# Happy Valley Corn Whiskey Bottle



## stormcrow (Feb 11, 2005)

Greetings! I was hoping someone could help me with a bottle I found. It's a clear, long-necked, corked-type round bottle with the following embossed in the glass:

 Happy Valley Corn Whiskey
 Guaranteed 100 Proof
 E.Gouge & Co.
 Bristol, VA-TENN.
 30oz

 I found the bottle (along with a couple more of different types) in the attic of an old kitchen. This kitchen was built (separate from the house) around 1895 near Brookneal, VA.

 All I know so far is that E. Gouge had a distillery in or near Bristol and that it was flooded out. Is this true?
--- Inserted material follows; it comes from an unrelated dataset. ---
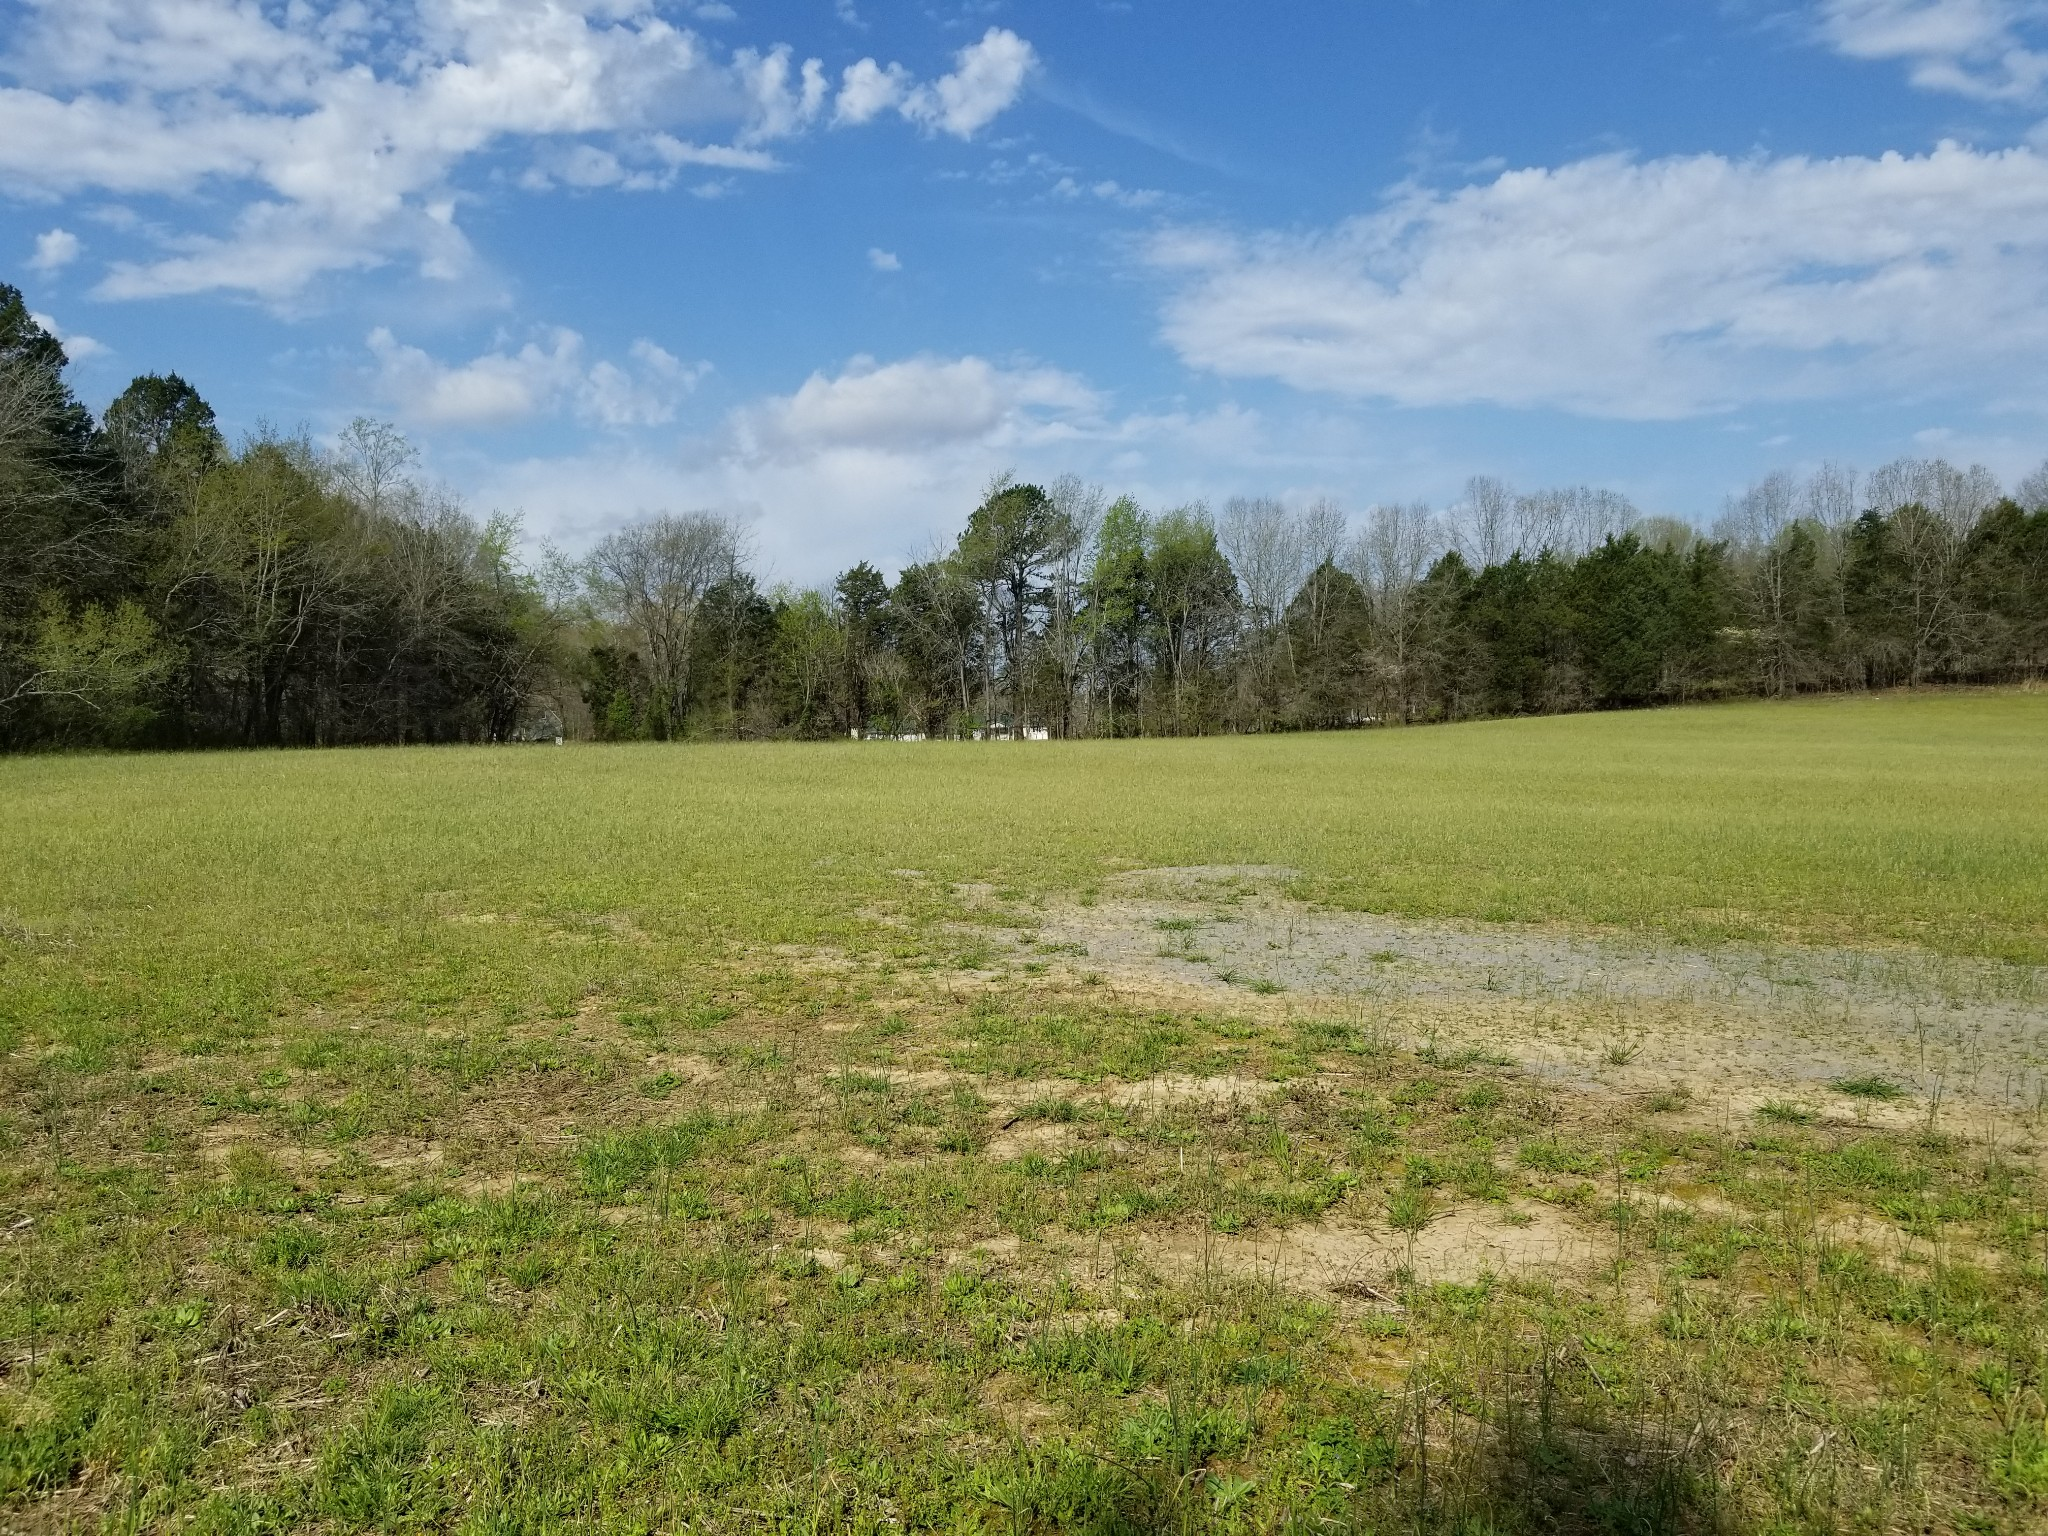 989 Britton Springs Rd, Clarksville, TN 37042 - Clarksville, TN real estate listing

Can anyone tell me more about the bottle and where it came from?

 Thanks

 Tim S.
 Abingdon, MD.


----------



## TheDiggerBoy91 (Feb 11, 2005)

Looks like 1910-1915 to me. Yours is in the typical whiskey shape used from about 1890-1930.[]


----------



## BRIAN S. (Feb 11, 2005)

Hi stormcrow and welcome to the forum !
 I have seen your whiskey before....but don't have any info on them. 
 If you ever decide you might like to sell it...I might be interested !
 I am from Tennessee and collect TN. bottles. 
  Thanks , Brian


----------



## BRIAN S. (Feb 12, 2005)

Hi Rich,
 I see the info was signed " Ralph " .
 Was the info on value supplied by Ralph VanBroklin ??? 
  Brian


----------



## stormcrow (Feb 15, 2005)

Thanks all for helping me out. I'll think about selling. After all, I'm not a collector AND I'd probably end up breaking it anyway.

 Is there anyway I can get ahold of the Gouge family person and ask if he wants to buy it?

 Thanks


----------



## Anabbiec (Jan 10, 2016)

I know it's a long shot, as this post is rather old, but I'm a descendant of the family and I would love to buy this or another bottle like it. If anyone happens upon one, please send me the details. Thanks! A. Gouge


----------



## cowseatmaize (Jan 11, 2016)

Hi, keep checking ebay. I see 3 have sold in the last couple months and by 3 different sellers so they're out there.


----------



## sunrunner (Jan 11, 2016)

did you say old ? I would say ancient.


----------